For the past few days, parents of seniors were worriedly checking forecasts and biting their nails. Thunderstorms were predicted first at 3 pm, then at 5 pm (the set time of graduation) then later, then earlier. On Friday, the decision on indoor or not was expected by 12 noon, made by an unknown group definitely including Dr Midge Connolly, Superintendent of Schools and Paul Peri, principal of the high school, and possibly including Thor or someone with tarot cards. No one, but no one wanted an indoor ceremony at the Middle School gymnasium. No one likes getting struck by lightning either (that is an assumption not based on fact).
Early Friday morning, the previously set-up white folding chairs and speaker podium were packed up from Town Green and moved across town to the middle school gymnasium. While the decision was not being made until 12 pm, the writing was seemingly on the wall.
But then, around 10 am, a plea came on the Weston Facebook Community page by the president of the senior class, Grace Kirk, which read in part:
“The administration’s plan, if the weather is too bad, is to move the ceremony into the middle school gym. As many of you can probably imagine, this is not at all what this senior class deserves. As a class we have experienced countless hardships and lost many of Weston’s great traditions. Please, as a community, help us seniors try to get the date or time of this graduation ceremony moved.”

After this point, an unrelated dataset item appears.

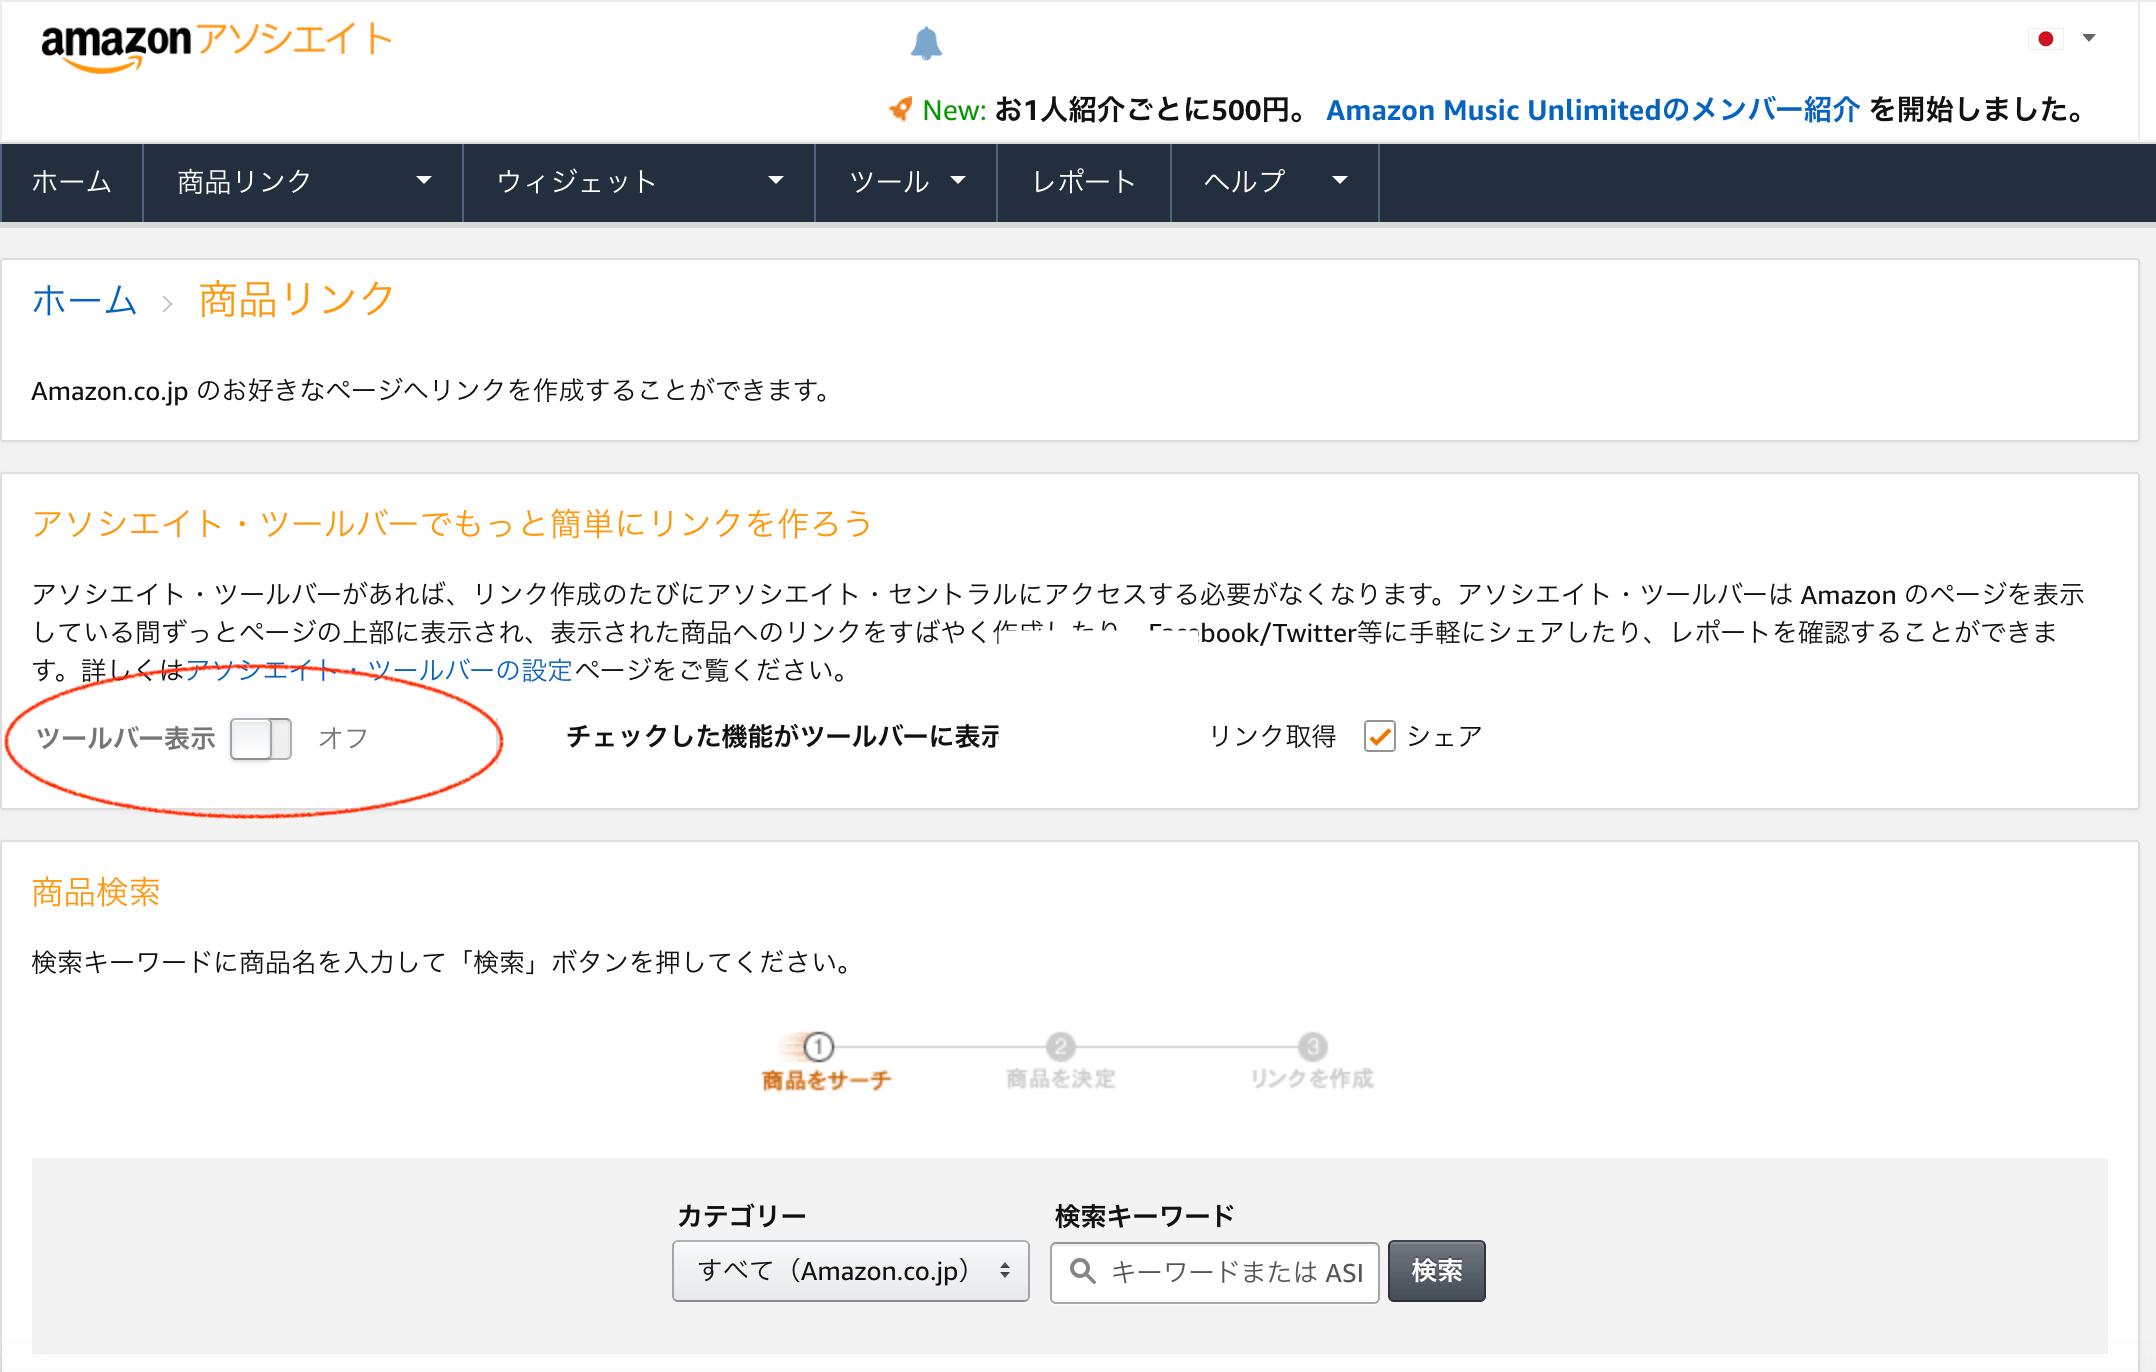 アマゾンアソシエイトのアフィリエイトコードを簡単に取得するためのツールバー設定方法

It went on from there, and the responses were immediate–in support of the class, or just saying that no matter where the ceremony is, the accomplishment is the same. There are 61 comments on that post. As I went into my workout class at 12, the comments kept coming in…Wellesley had moved their ceremony to 4 pm from 5 pm –it seemed now the storms had moved a little later. Wayland moved to Saturday. A nailbiter as the clock rolled on past 12…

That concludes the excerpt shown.